→ What is expected: Among the entries that follow, how many lines contain the string "trolley"? Answer with that number only.

→ Study material:
▼

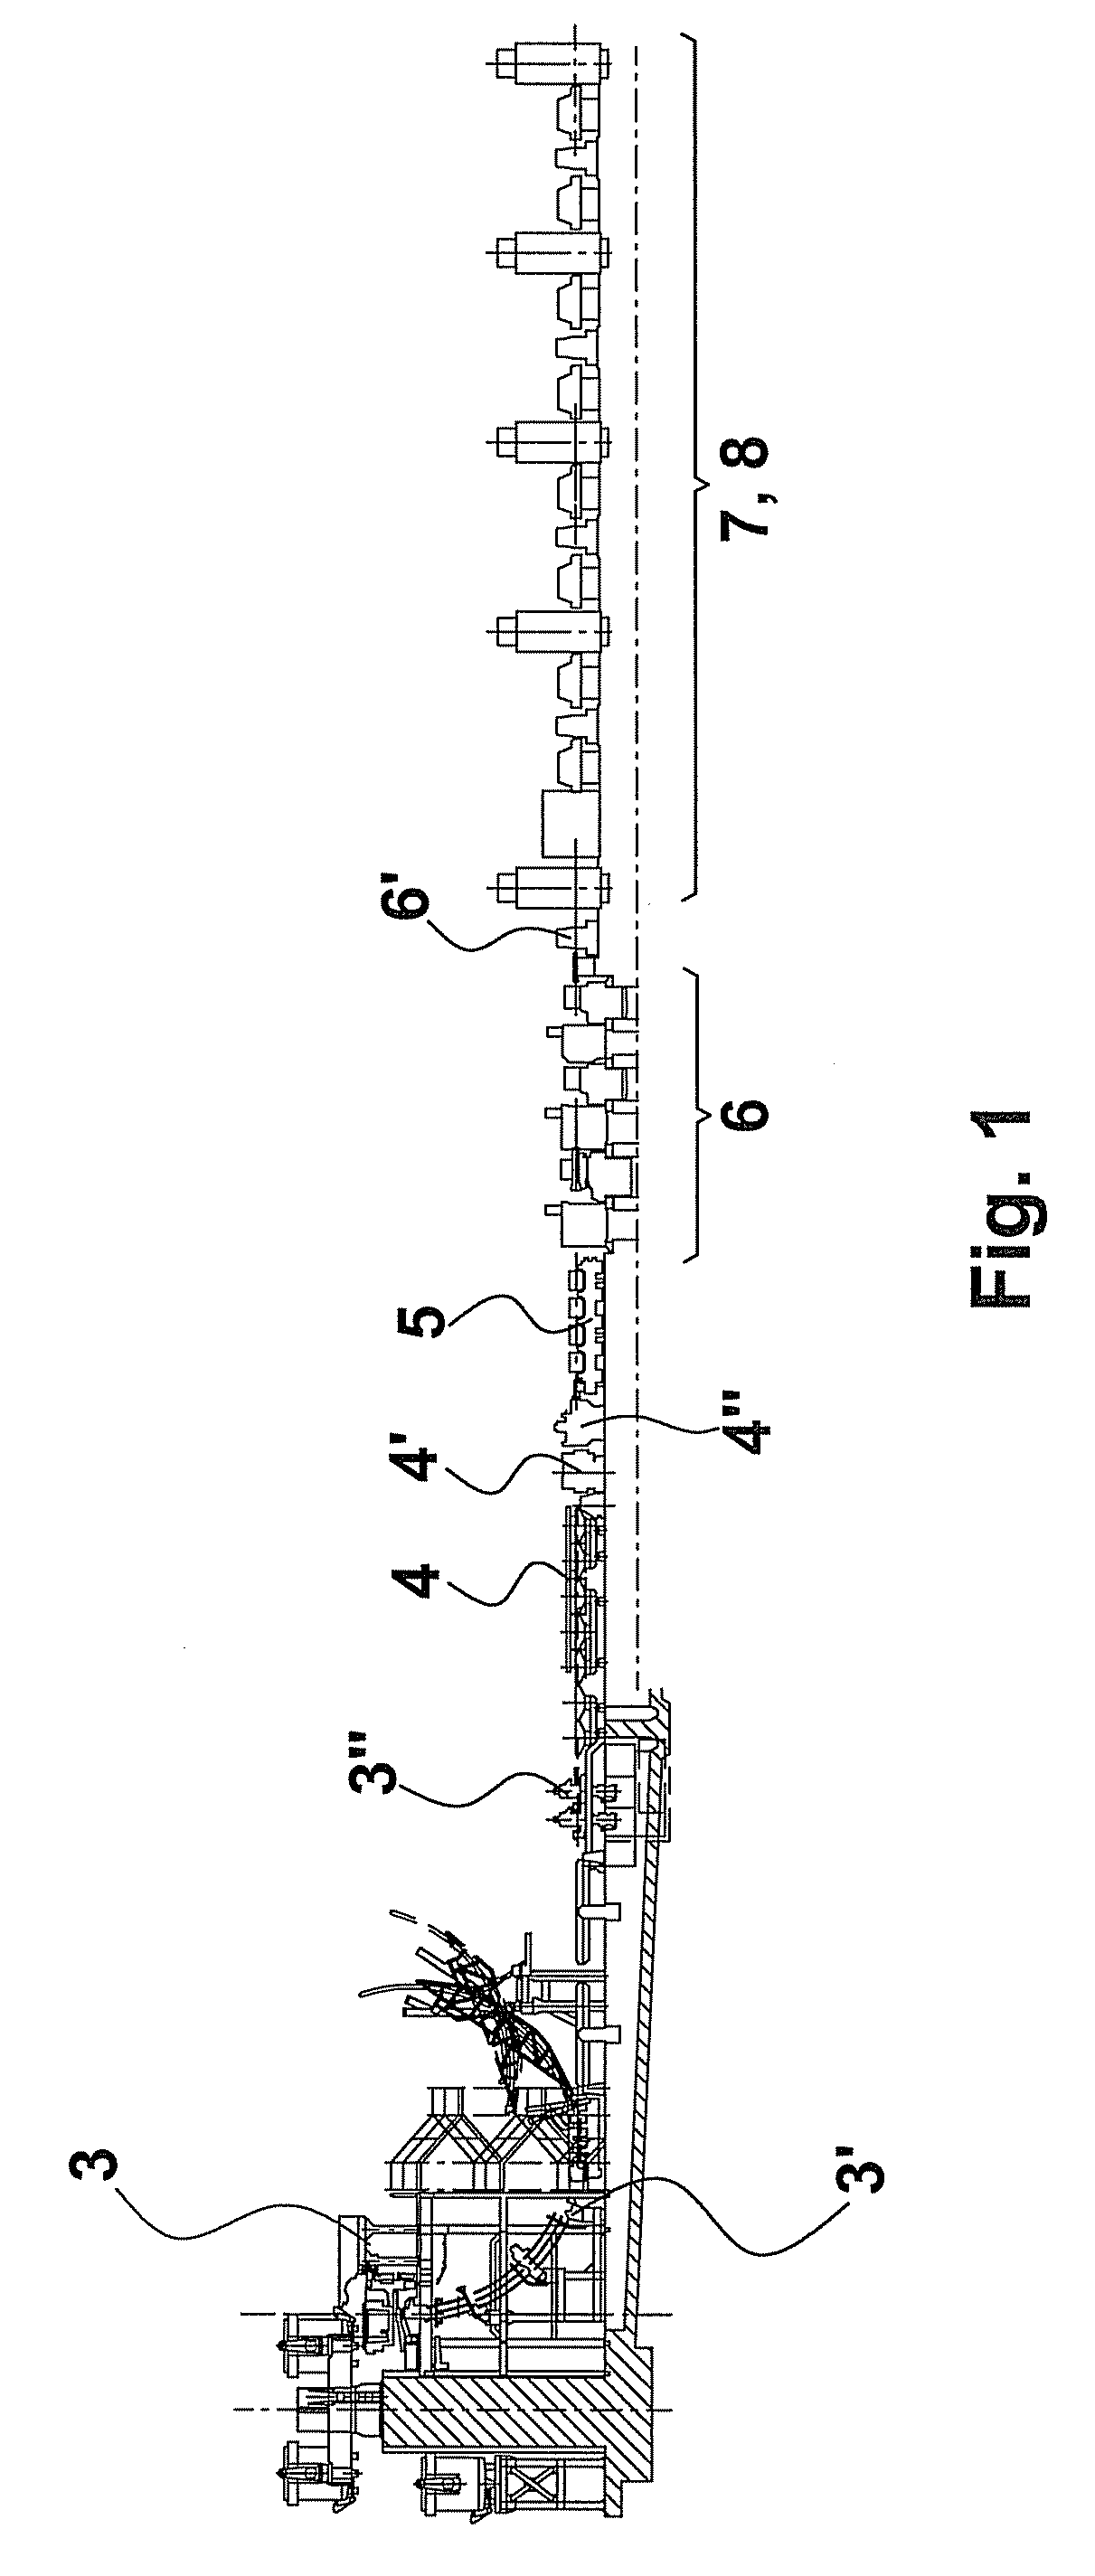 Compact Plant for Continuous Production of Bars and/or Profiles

▲
▼

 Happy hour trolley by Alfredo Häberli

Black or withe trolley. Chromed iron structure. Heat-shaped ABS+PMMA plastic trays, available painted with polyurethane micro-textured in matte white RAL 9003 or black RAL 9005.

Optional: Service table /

▲

→ Task result: 2